Все шло так, как обычно бывает после смерти великого князя. Как вдруг случилось непредвиденное. Согласно старинному обычаю – лествице – киевский престол должен был занять кто-то из Святославичей – Олег или Давыд. Воевода Путята уже послал к ним гонцов, приглашая приехать в столицу.
Об этом узнали жители Киева. Только что, года два назад, полностью сгорел пригород – Подол. Тогда в поджоге его народ дружно обвинил ростовщиков-евреев, которым, дескать, выгодно было пустить по ветру накопленные богатства ремесленников и торговцев, живших на Подоле, чтобы они обратились к ним за займами: так можно было в короткий срок нажиться! Ненависть в народе накопилась такая, что достаточно было одной искры, чтобы Подол взорвался. Такой искрой оказалось приглашение на престол Святославичей. Народ кричал, что и Путята, и Святославичи держат сторону ростовщиков и если на престол заступит или Давыд, или Олег, то вконец разорят киевлян. 17 апреля толпы разъяренных жителей выплеснулись на улицы.

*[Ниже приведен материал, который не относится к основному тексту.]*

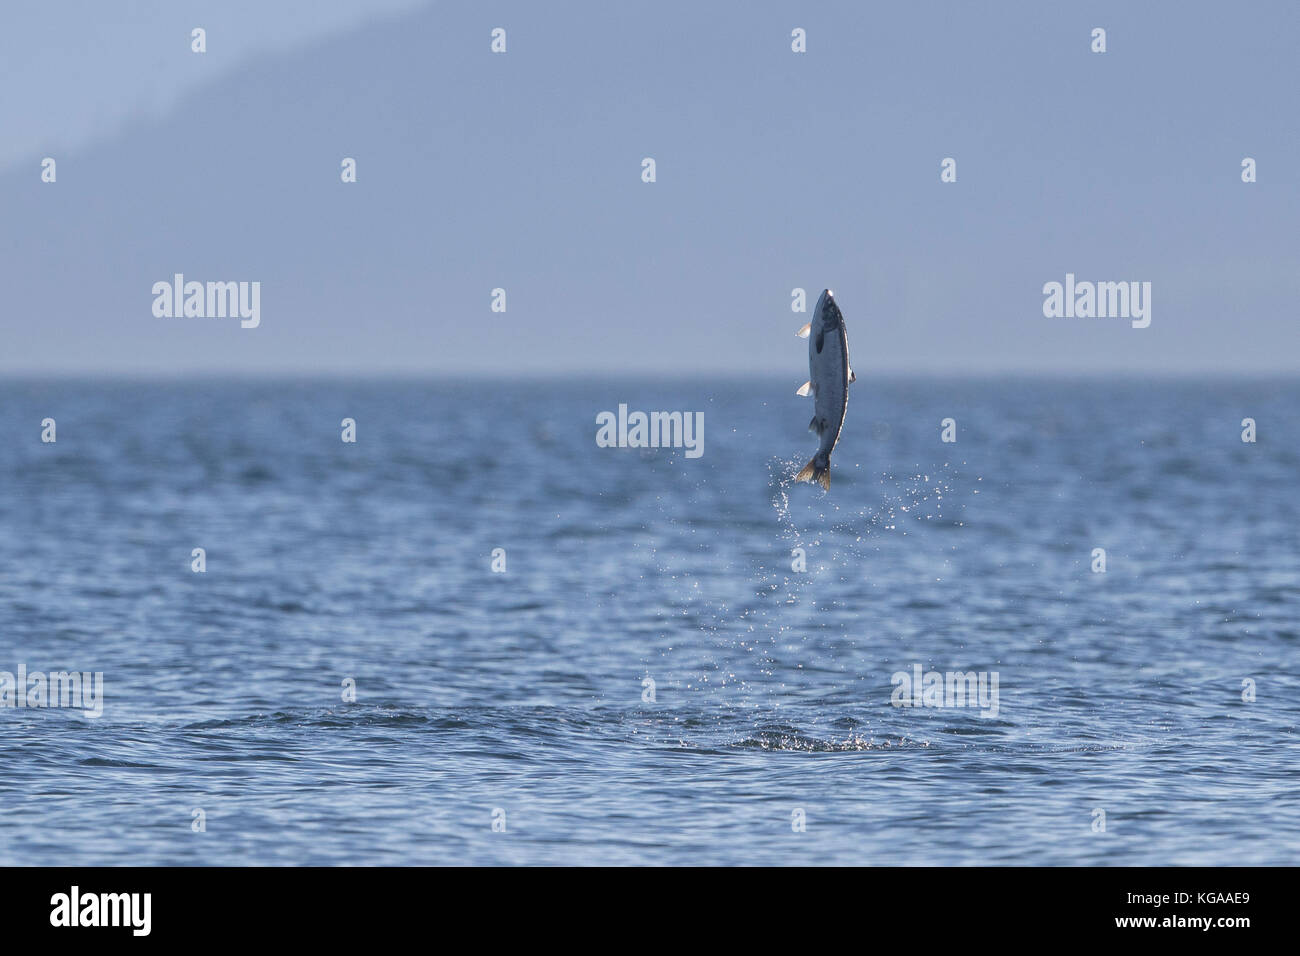 Jumping Salmon, Alaska - Stock Image

Именно в это время прибыла Белослава в столицу и стала свидетелем разгула стихии народных масс. Отец ее, восьмидесятилетний старец, но еще крепкий, с палкой в руке обходил частокол, ограждавший терем и подсобные строения, и расставлял вооруженных людей. С цепей были спущены сторожевые псы, они отчаянно лаяли и бросались на ограду. Боярин говорил:
– Коли сунется чернь, рубите головы безо всякой пощады!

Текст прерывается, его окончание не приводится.